History | Berlin’s Einstein of Sex

One night in 2004, a German researcher named Ralf Dose was up late drunk Googling when he stumbled upon a post that nearly gave him a heart attack.

The post began:

“I’m looking for information concerning the psychologist and founder of the Institute of Sexual Sciences in Berlin, Dr. Magnus Hirschfeld, and his assistant Li Shiu Tong.”

This query would seem rather pedestrian to the untrained eye but Ralf had already spent years scouring the web for traces of Hirschfeld — the most famous gay Jewish sexologist the world had never heard of — as well as his former lover, Li Shiu Tong.

The post went on to describe, vaguely yet tantalizingly, “papers and items” that “appear to be written by Hirschfeld.” The last sentence read: “I’m curious to know if they are of any significance or interest.”

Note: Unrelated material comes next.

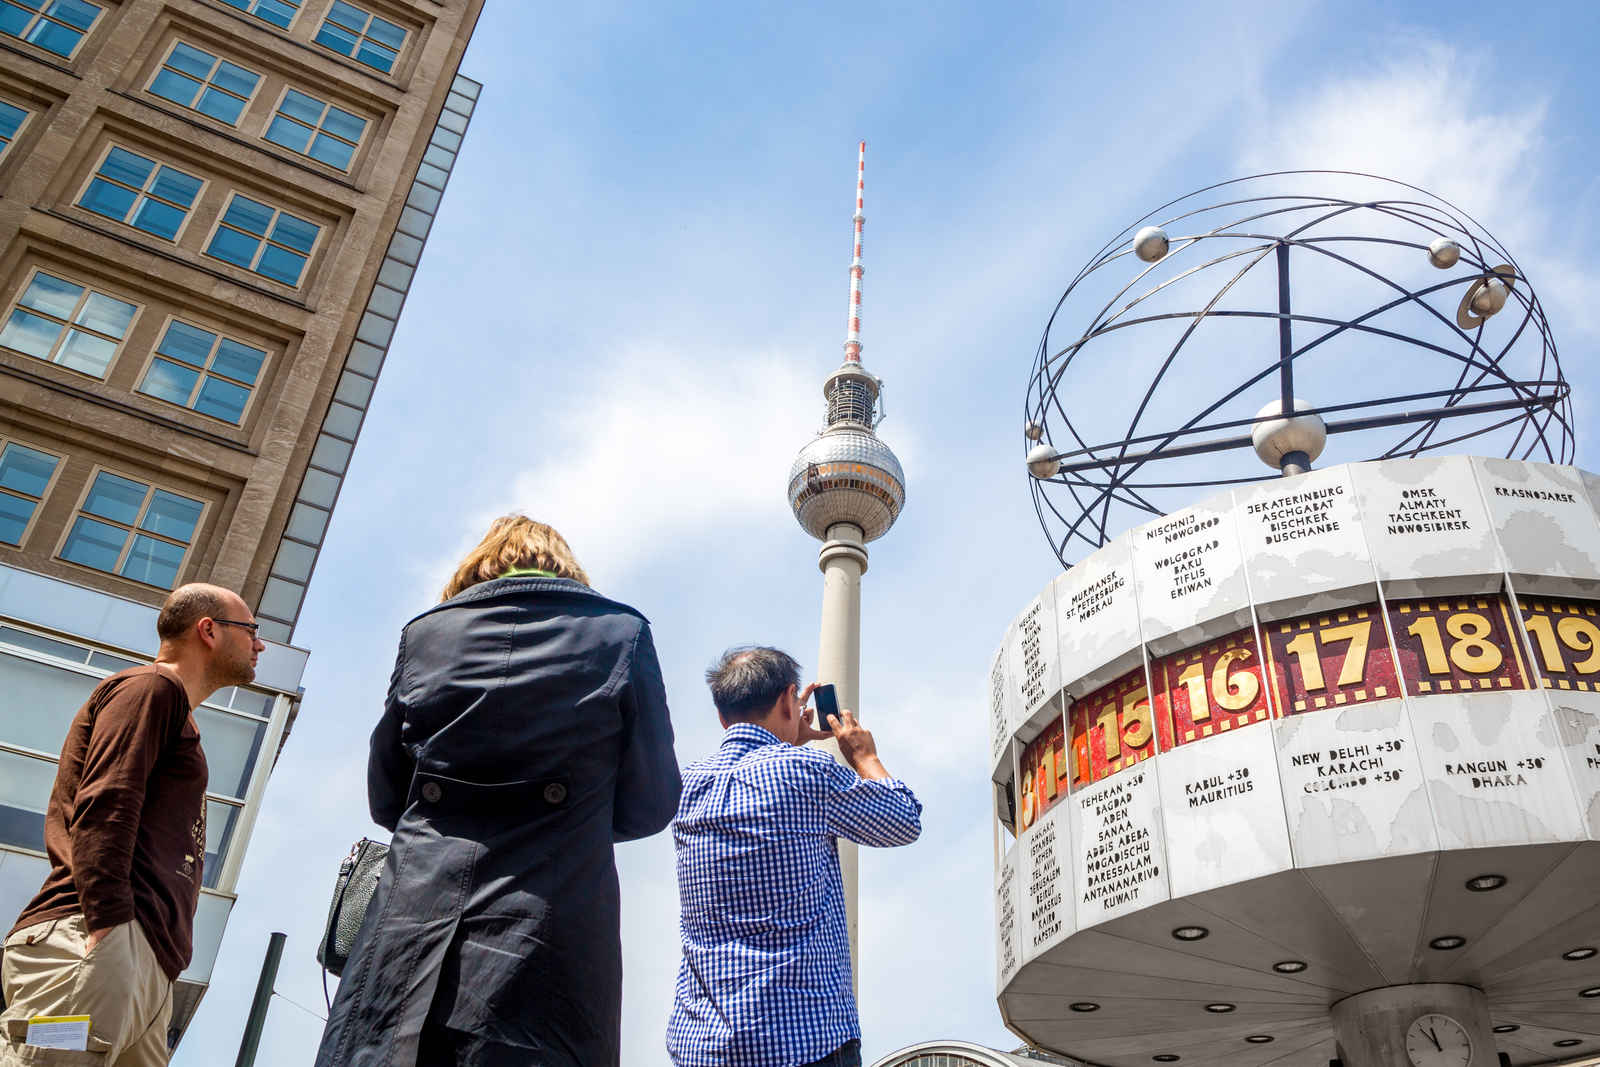 Ticket tower. Телебашня в Берлине. Телевышка в Берлине. Самая высокая телебашня Германия. Берлинская телебашня с туристами.

If Ralf’s physical state at that moment was any indication, the items were indeed “of interest.” He began perspiring at the thought of seeing Hirschfeld’s sexology books or the enormous phallus the doctor had allegedly lugged back from Indonesia. However, the post had been written in 1994 — the year the Internet was born! — which made Ralf a bit pessimistic that he would actually be able to find said items.

It seems important to note here that Hirschfeld was a pretty big deal in his time. Before Harvey Milk, before Stonewall, before Kinsey, Hirschfeld’s radical ideas changed the way Germans thought about sexuality.  And then, just as his ideas were beginning to take hold, they were overshadowed by the ghastly events leading to the Second World War.  It was still shocking to find remnants of Hirschfeld’s life in far flung places, even though Ralf knew the doctor traveled a lot after being expelled from Germany in the 1930’s.

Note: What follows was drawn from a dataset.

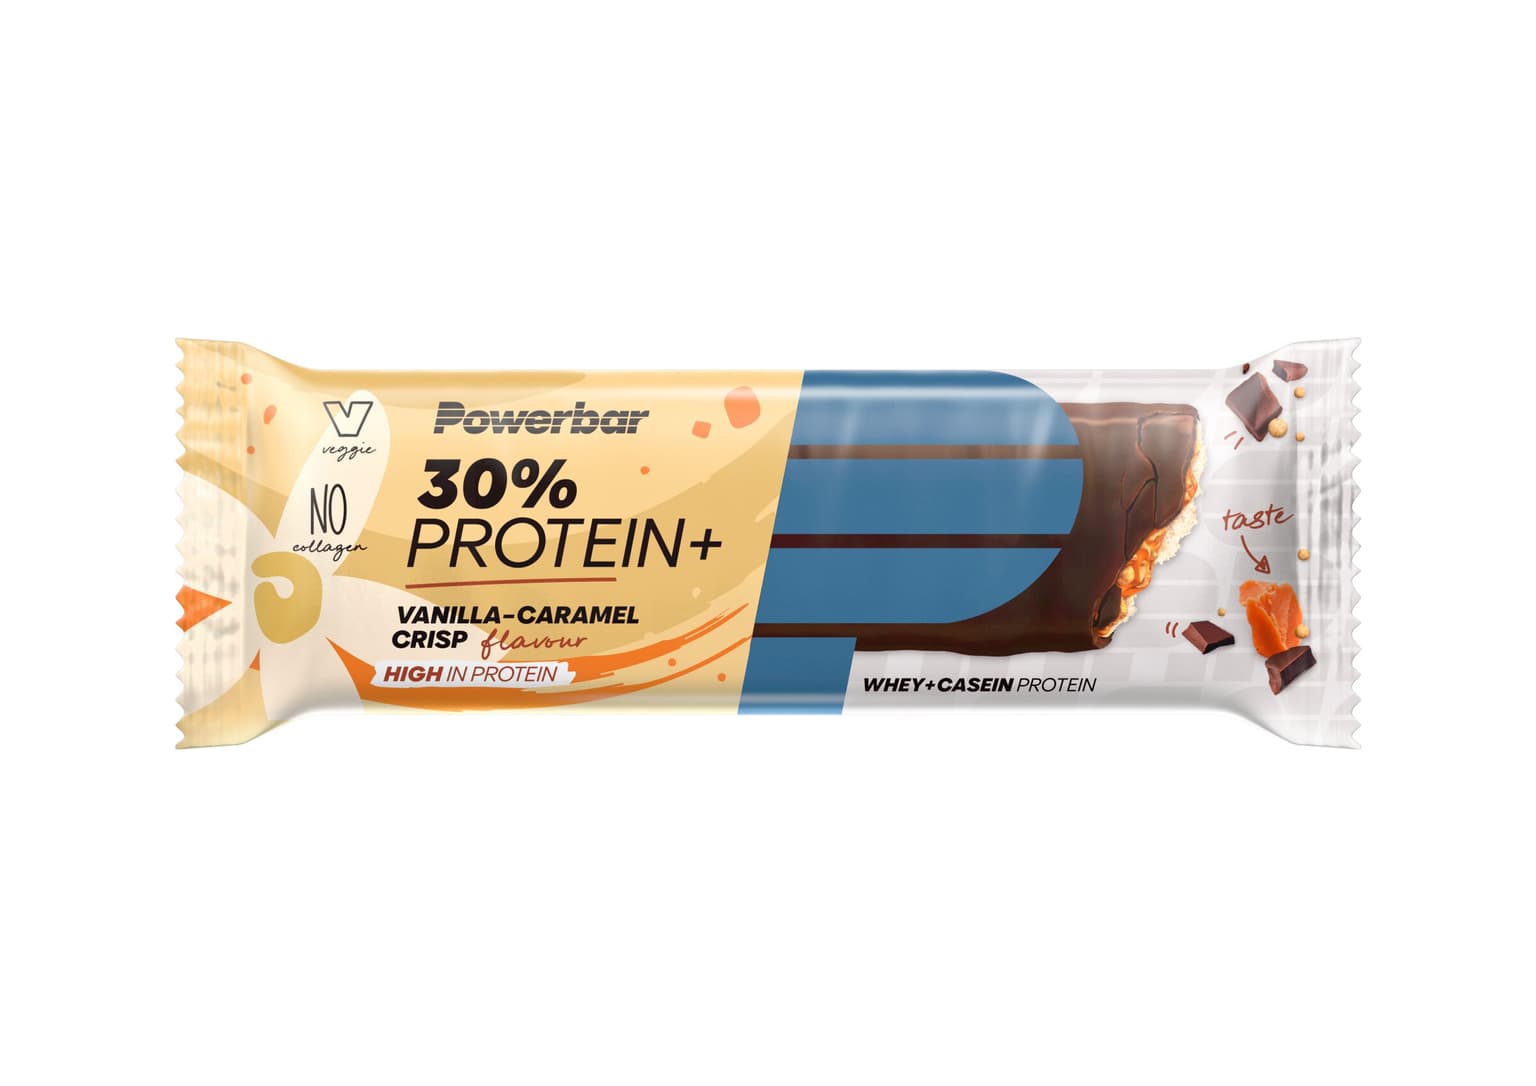 PowerBar PowerBar 30% Protein Plus Proteinriegel 1

Feeling more sober already, Ralf Googled around for the email address of the person who’d posted. The man, who lived in Toronto, replied almost immediately to Ralf’s email with a photo of Hirschfeld’s suitcase. “At this point, I had another heart attack,” Ralf said. Among the contents were a mask that had been formed from Hirschfeld’s face after his death, photographs and copies of rare journals.

Hirschfeld’s suitcase. Photo credit Adam Smith.

The items had been tossed away by Li Shiu Tong, Hirschfeld’s ex-lover. Maybe. It wasn’t clear. The only thing that seemed clear was that Ralf should find out where Li’s family lived in Canada.

After requesting and receiving Li’s will in the mail (Canadian bureaucrats being the more accommodating sort), Ralf knew he had to fly to Canada to find Li’s family and see if they knew anything about more documents Hirschfeld may have left behind.

Being from the non-profit world, he didn’t have the cash, but he did have connections in Berlin that might want to help. He told Dr. Sermann Simon of the Centrum Judaicum in Berlin that some of Hirschfeld’s belongings were still in Canada. “Simon kindly suggested that I book a flight immediately and send him the bill,” Ralf said.

 Hirschfeld and Li Shiu Tong

Hirschfeld lived in 1920’s Berlin, when the German capital was a city of cabaret and Bauhaus architecture, smoky salons and freshly-maimed WWI veterans.

He was a complicated man: in favor of the legalization of prostitution, ambivalent about abortion, atheistic, non-monogamous. He was, like many successful civil rights leaders, fiercely devoted to equality but also wary of alienating anyone with fiery, antagonistic rhetoric.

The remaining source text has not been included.